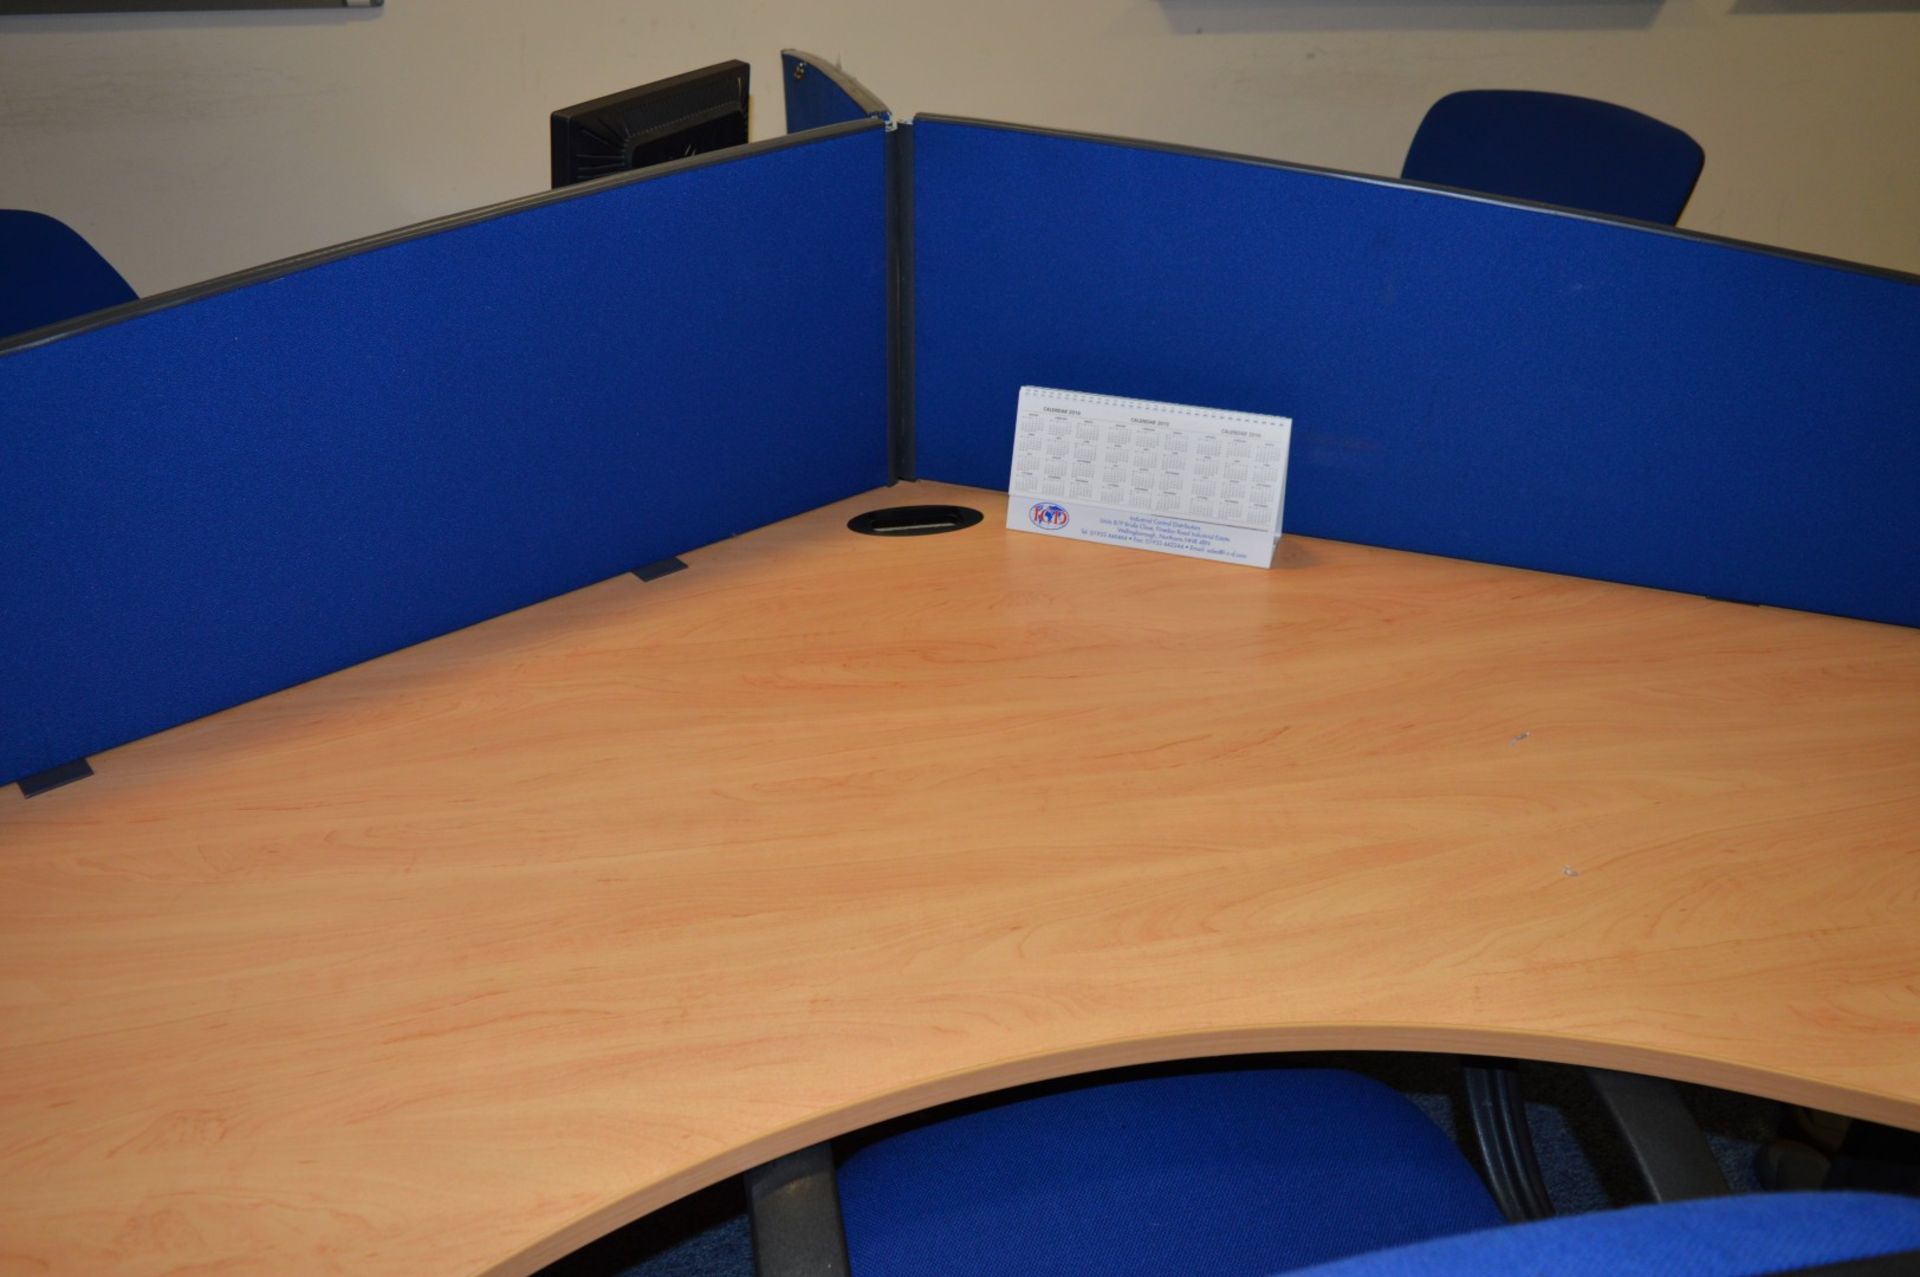 1 x Tripod Office Workstation Desk With Chairs - Suitable For 3 Users - Includes Three Premium - Image 5 of 6
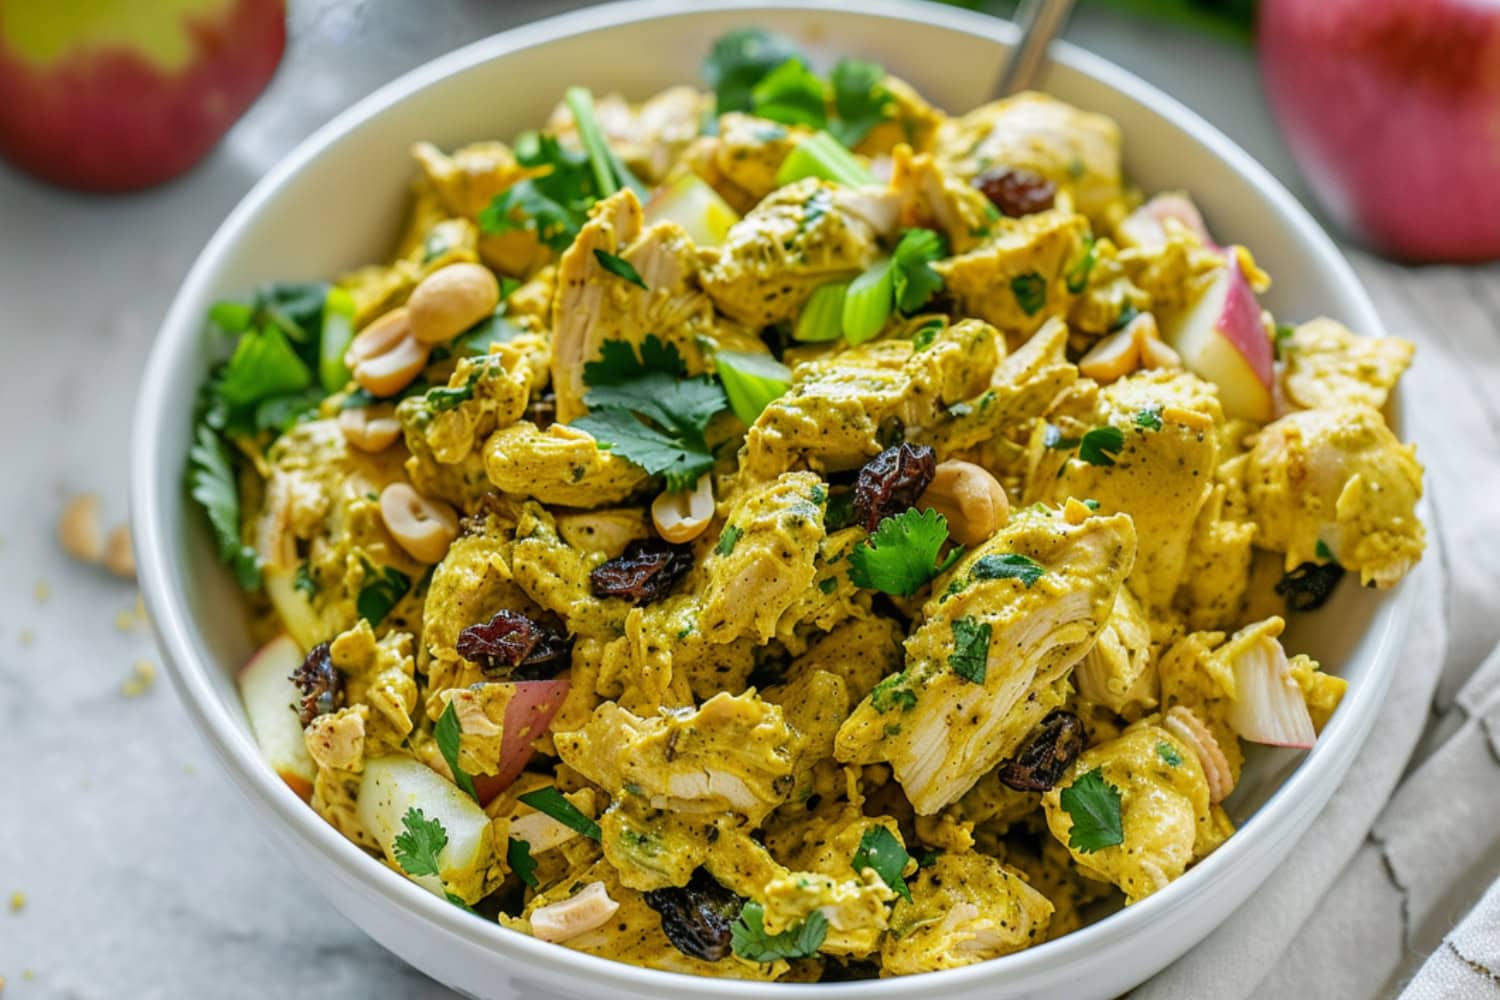 Chicken curry salad with curry spices, sweet raisins and apples, crunchy cashews, and fresh cilantro served in a white bowl.
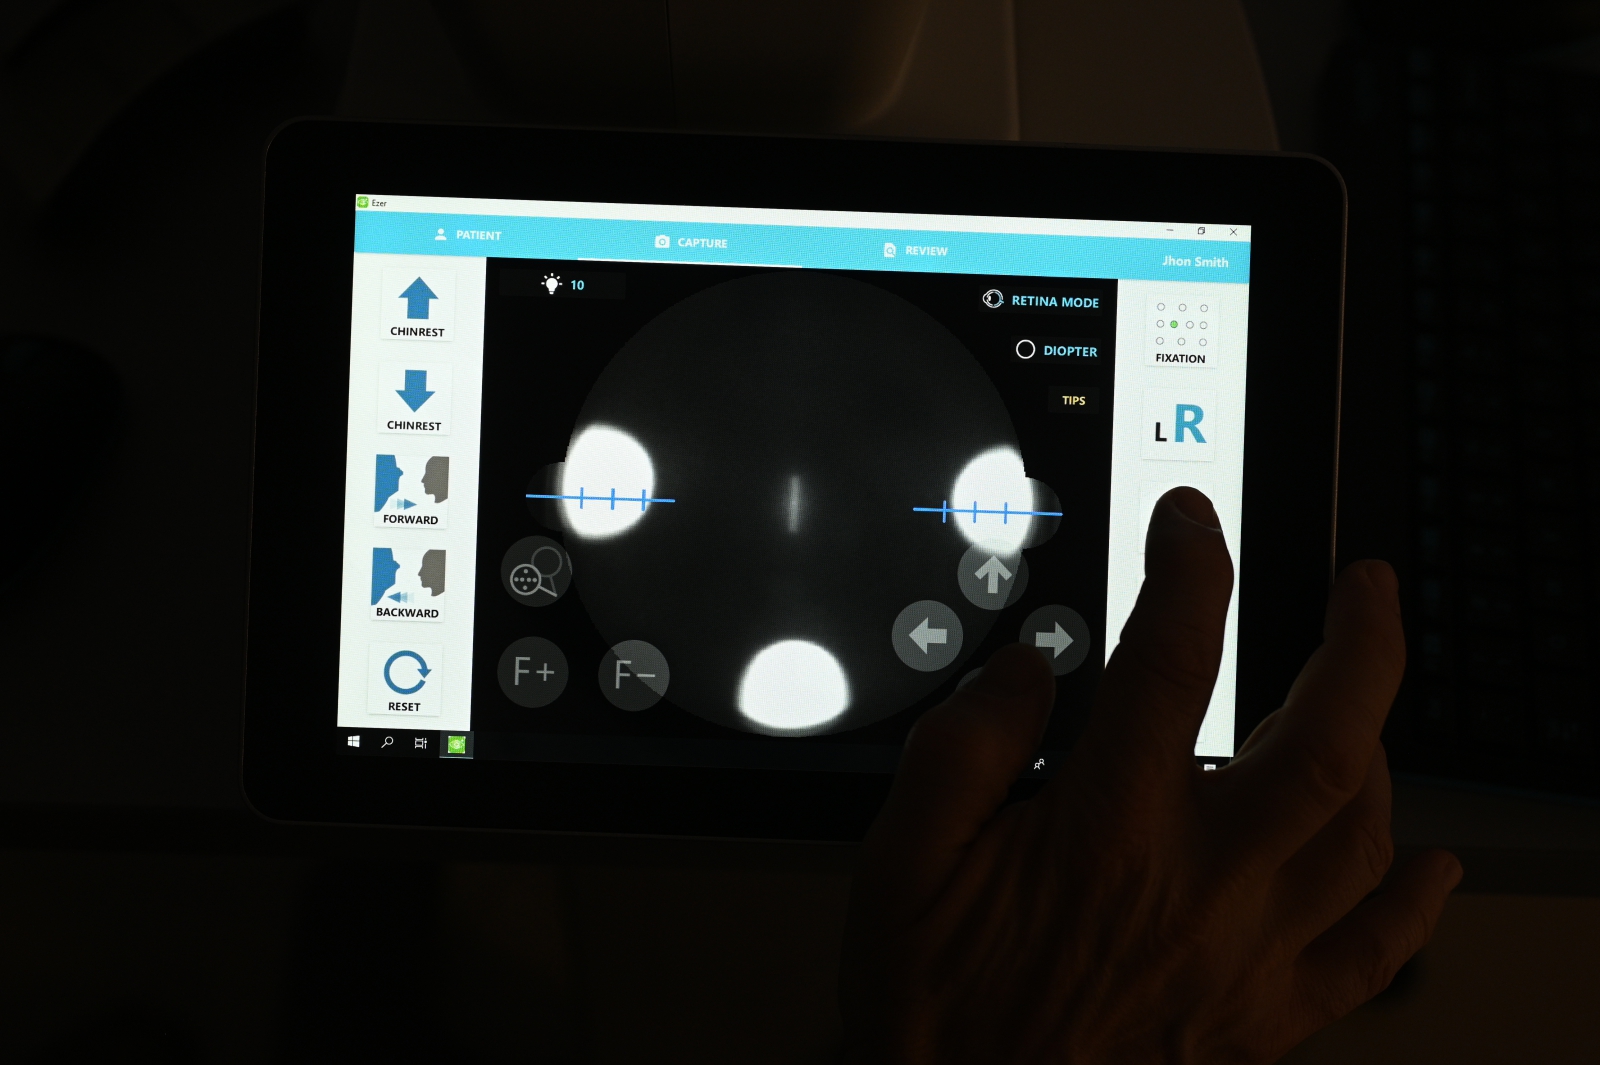 NFC-700 can capture cornea images for doctor to examine the cornea, iris, ciliary body and sclera.

> **Aim of the task**: Write out the material above exactly, and omit the pictures it holds.

> **Output of the exercise**:
 1 x Tripod Office Workstation Desk With Chairs - Suitable For 3 Users - Includes Three Premium - Image 5 of 6
 Chicken curry salad with curry spices, sweet raisins and apples, crunchy cashews, and fresh cilantro served in a white bowl.
 NFC-700 can capture cornea images for doctor to examine the cornea, iris, ciliary body and sclera.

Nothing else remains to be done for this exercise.